» **Dataset excerpt**
++++++++++
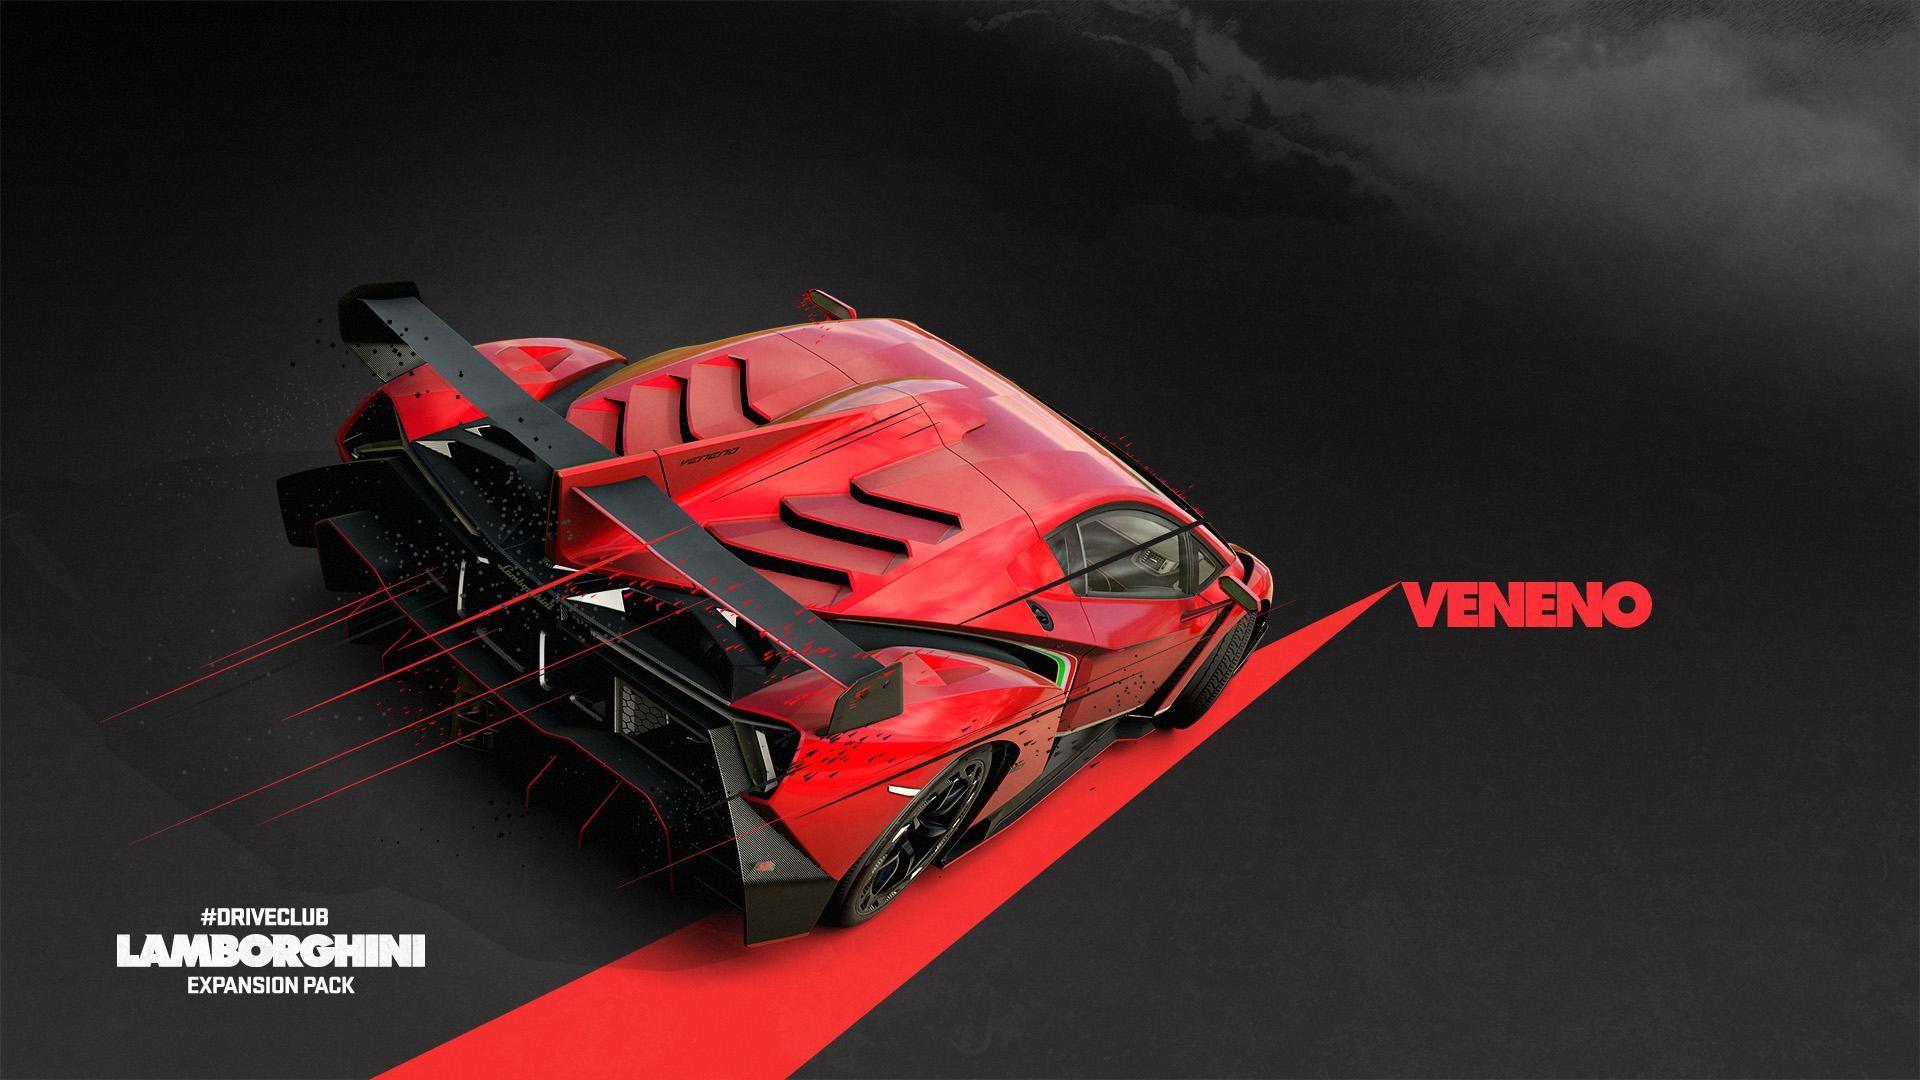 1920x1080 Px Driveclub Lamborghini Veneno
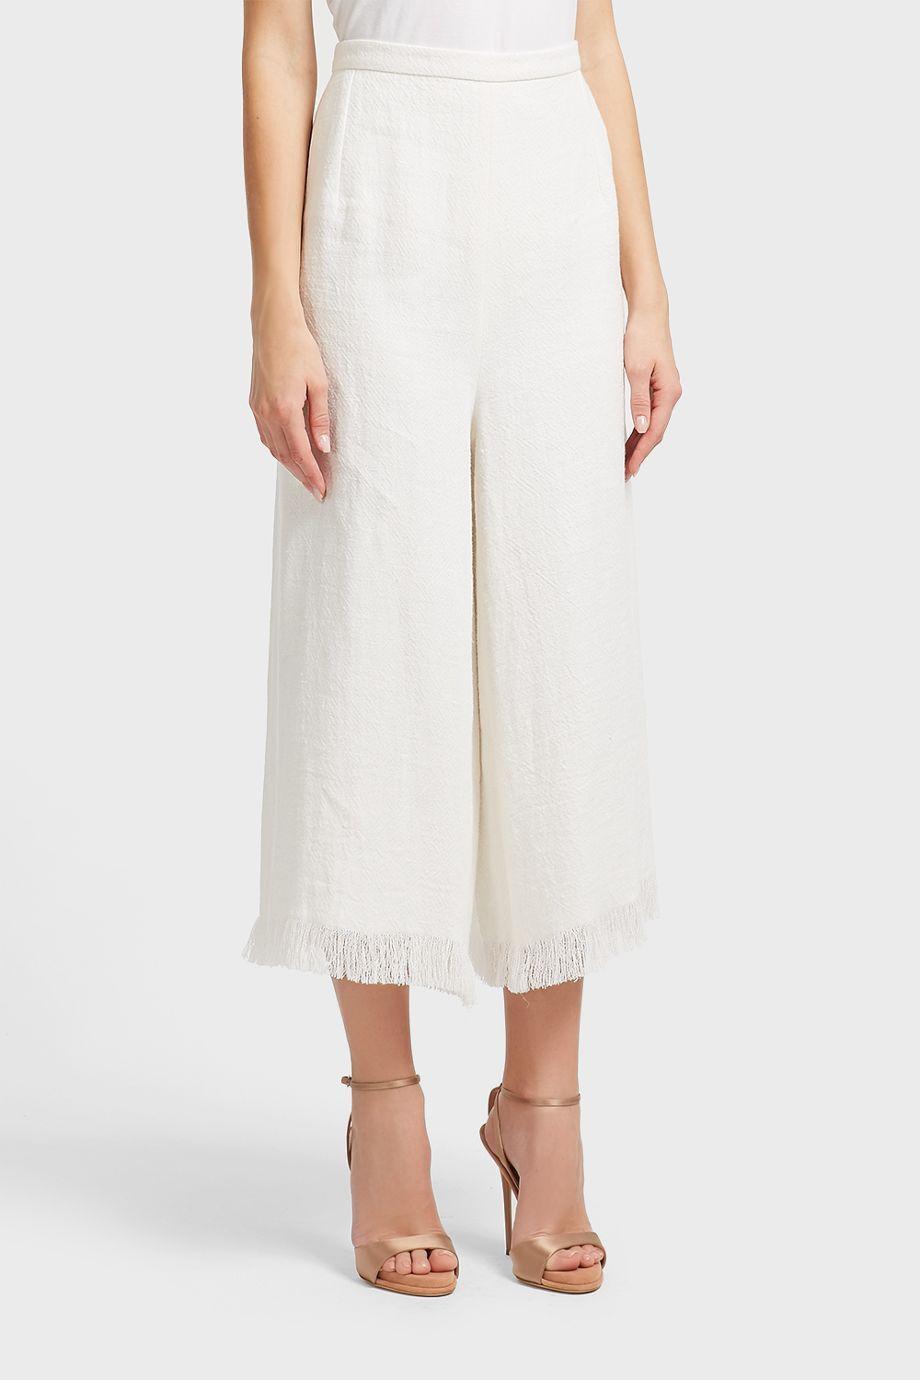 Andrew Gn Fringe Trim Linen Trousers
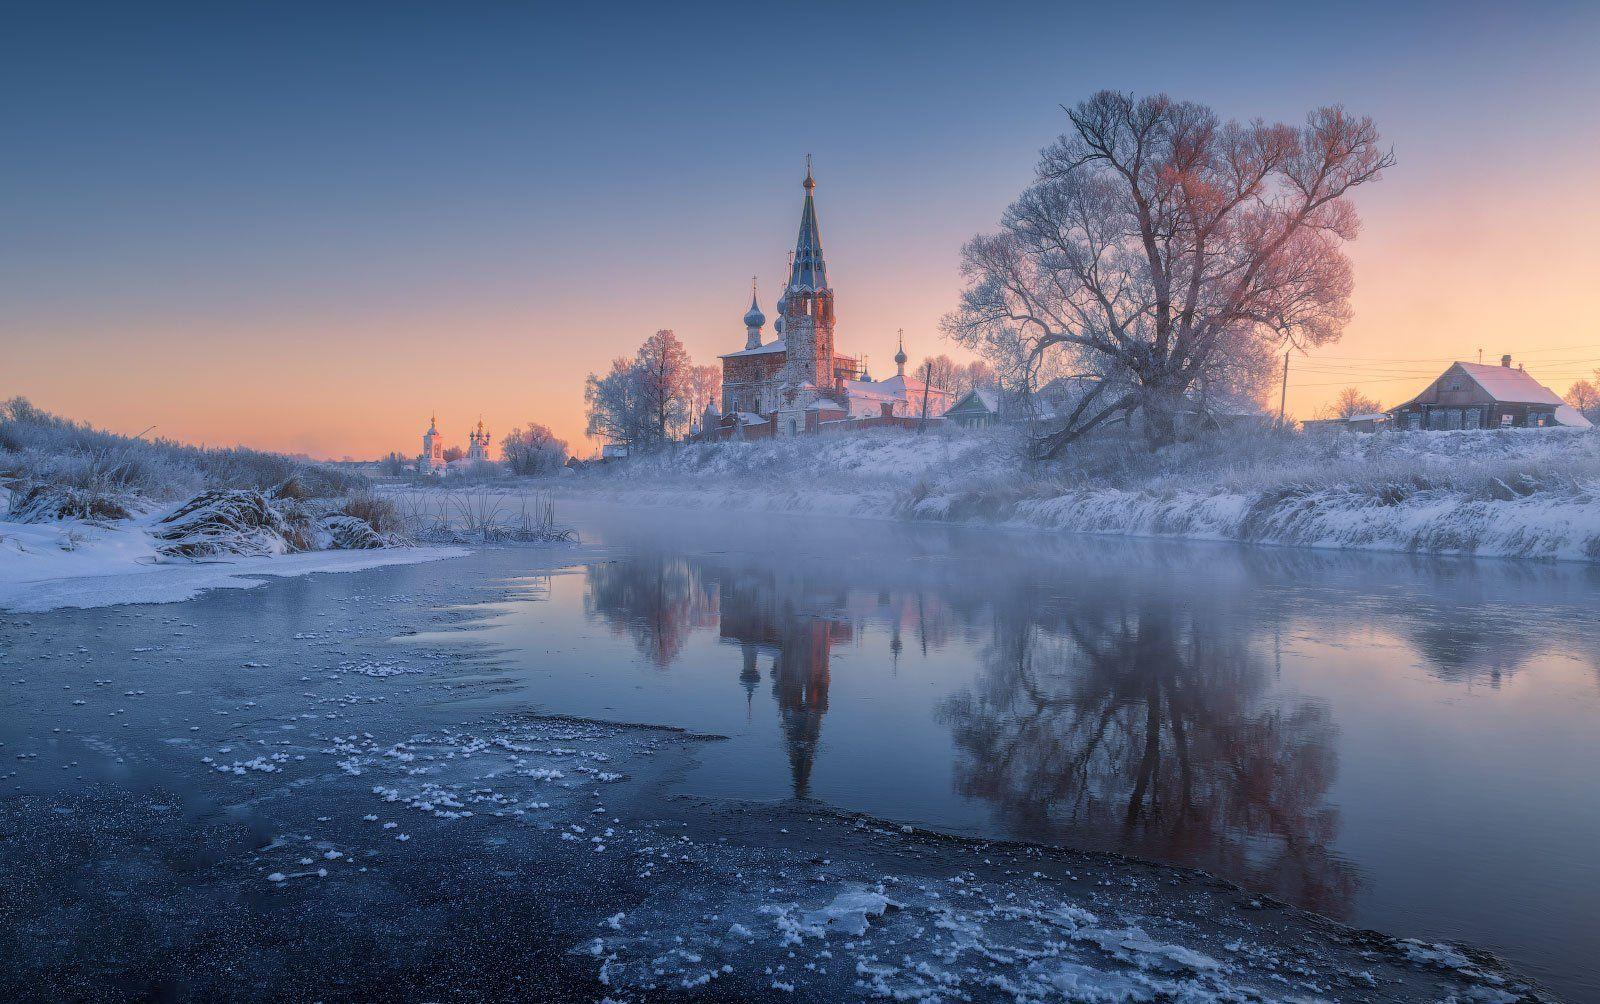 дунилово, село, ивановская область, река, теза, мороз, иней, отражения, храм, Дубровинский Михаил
++++++++++
» **Task to complete**
The whole listing above must be returned exactly as written, with no pictures carried over.

» **Exercise output**
 1920x1080 Px Driveclub Lamborghini Veneno
 Andrew Gn Fringe Trim Linen Trousers
 дунилово, село, ивановская область, река, теза, мороз, иней, отражения, храм, Дубровинский Михаил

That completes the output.